Notes & Suggestions:

The first thing I usually do is season the fish.  Otherwise, it will be bland.  I like to use either Old Bay or Tony's.  
Also, I like to use Panko bread crumbs because it really makes the topping nice and crunchy.  



Southern Green Beans

These green beans are fantastic!  The chicken broth really gives them a great flavor.

Southern Green Beans
Adapted from this recipe on Allrecipes.com

Prep Time: 15 minutes
Cook Time: 30 minutes

Ingredients:
  • 6 slices bacon, chopped
  • 1 red onion, chopped
  • 2 pounds fresh green beans, trimmed & snapped
  • 1 clove garlic, minced
  • 1/2 -1 cup chicken broth
  • salt & pepper to taste

Directions:
  1. Cook the chopped bacon in a skillet over medium heat until evenly brown, about 8 to 10 minutes.  Drain the bacon pieces on a paper towel.
  2. Cook the onions in the bacon grease, adding 1 to 2 tbsp. butter if needed, until the onions are translucent, about 5 minutes.  
  3. Stir in the cooked bacon, green beans, garlic and chicken broth.  Bring to a boil, cover, and simmer over low heat until green beans are tender, about 10 to 15 minutes.  Sprinkle with salt and pepper.

Notes & Suggestions:

I ended up using 1 cup of chicken broth because 1/2 cup didn't seem like it would be enough.  After 15 minutes, the beans were perfectly tender.  If you like them a little crunchy, try 10 minutes.
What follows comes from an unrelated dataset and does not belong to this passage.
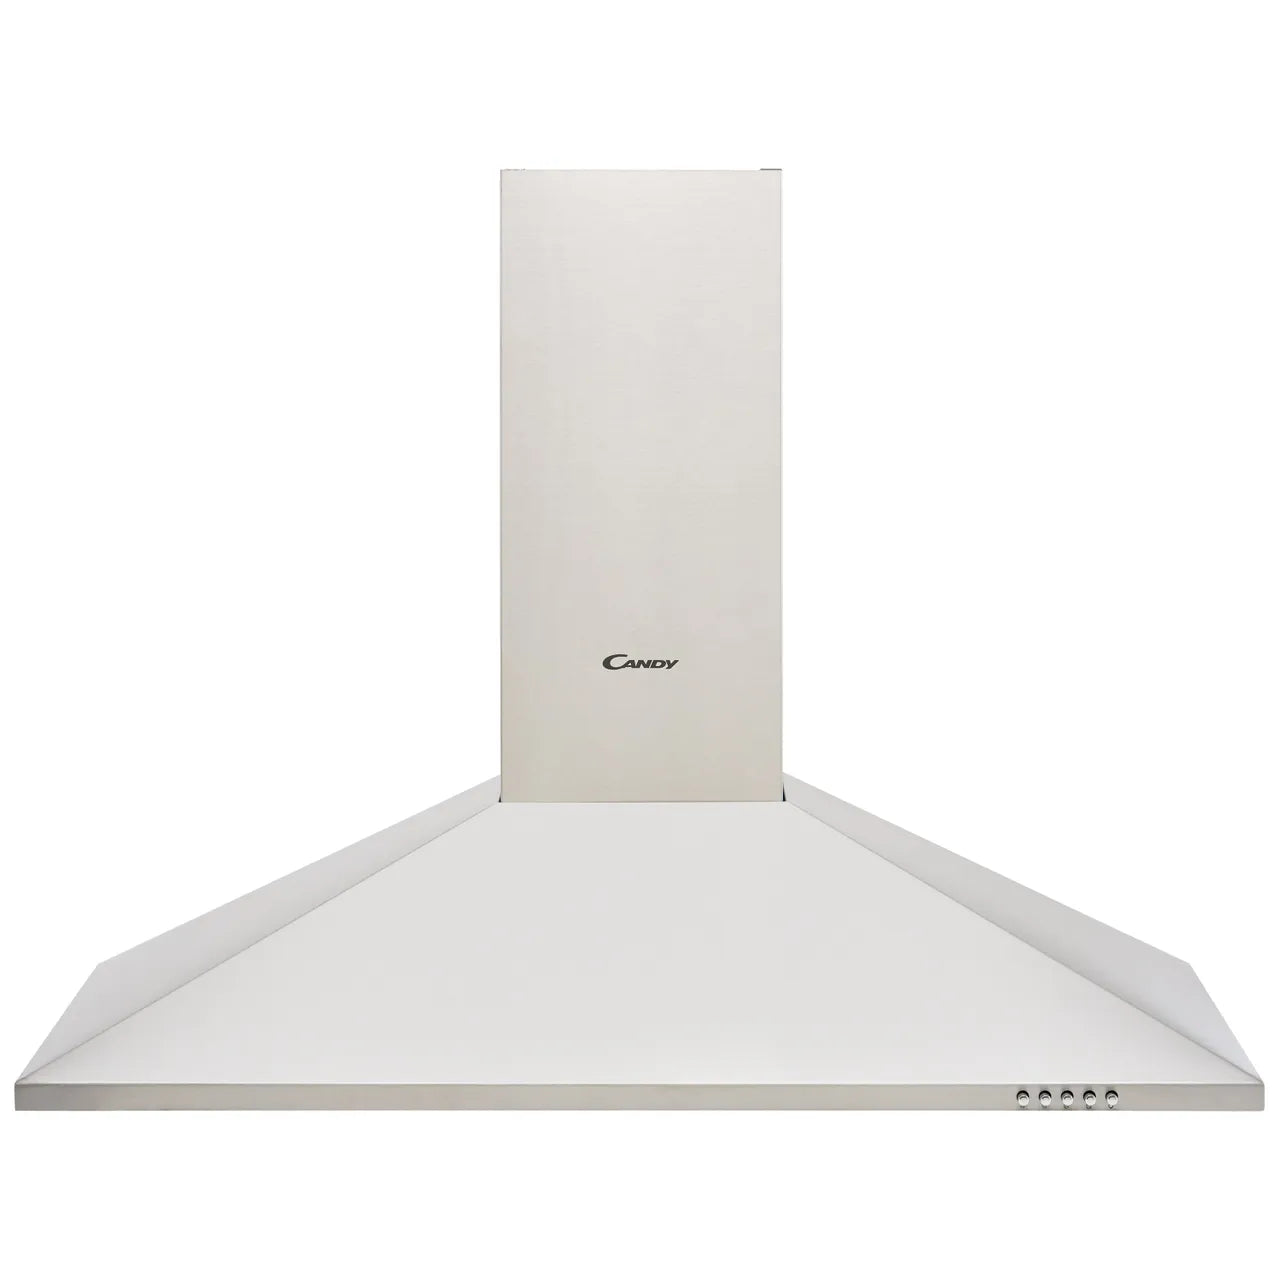 Candy Chimney Cooker Hood Stainless Steel 90cm Silver CCE119/1X 4005

Next time I think I'll add in a small amount of red pepper flakes, just to give it a kick, and add in another clove of garlic (since we're garlic lovers).    

For another variation and to make this more of a hearty dish, you could add in 8 diced red potatoes with the green beans and simmer until tender.  

  


Thursday, August 2, 2012

Garlic Bread

Garlic bread goes great with just about any kind of meal.  This is a dressed up version of a much-loved classic.

Garlic Bread
Adapted from the Williams-Sonoma Comfort Food Cookbook

Serves: 6-8

Ingredients:

  • 6 tsp. unsalted butter, at room temperature
  • 3 cloves garlic, minced
  • 3 tbsp. parmesan cheese, freshly grated
  • 1 tbsp. fresh basil, minced
  • 1 tbsp. fresh chives, minced
  • 1/4 tsp. kosher salt
  • 1 loaf Italian bread, split

Directions:
  1. Preheat over to 450 degrees.
  2. In a small bowl, mash together the butter, garlic, Parmesan, basil, chives and salt until well blended.
  3. Divide the mixture evenly and spread onto both cut sides of the bread.  Place the bread halves cut side up on a baking sheet.
  4. Bake about 10 minutes or until the bread is toasted.  Cut crosswise into slices and serve hot.

Notes & Directions:

Be sure to use fresh herbs.  It makes all the difference in the world.  It's so easy to grow your own herbs and it's much more cost effective than buying the small packages of them at the store.

For garlic cheese bread, sprinkle 1/4 cup shredded mozzarella or Gruyere cheese on the bread before putting in the oven.  

For another version, use roasted garlic.  It has a sweet, mellow flavor.  Slice a head of garlic in half crosswise, place on a piece of aluminum foil, and drizzle with olive oil.  Wrap up the garlic in the aluminum foil and bake in a 400 degree oven for 35 minutes.  Squeeze the cloves of garlic out of their paper shells and mix into the butter mixture.

The garlic butter freezes very well.  Here's the best way I've found to do this:

After mixing up the butter mixture, spoon onto a piece of plastic wrap.  Roll the butter into a log shape and place into the fridge until it's firm.


Take it out of the fridge and cut into slices, about 1/4" thick or so.


Then you can place the butter slices into a Ziploc and freeze.


So whenever you want some garlic bread, take out a slice of butter (1 slice per piece of bread), thaw, spread on the bread and broil in the oven for a couple of minutes, or until golden.  Quick and easy!

I also keep a Ziploc full of french bread slices in the freezer as well.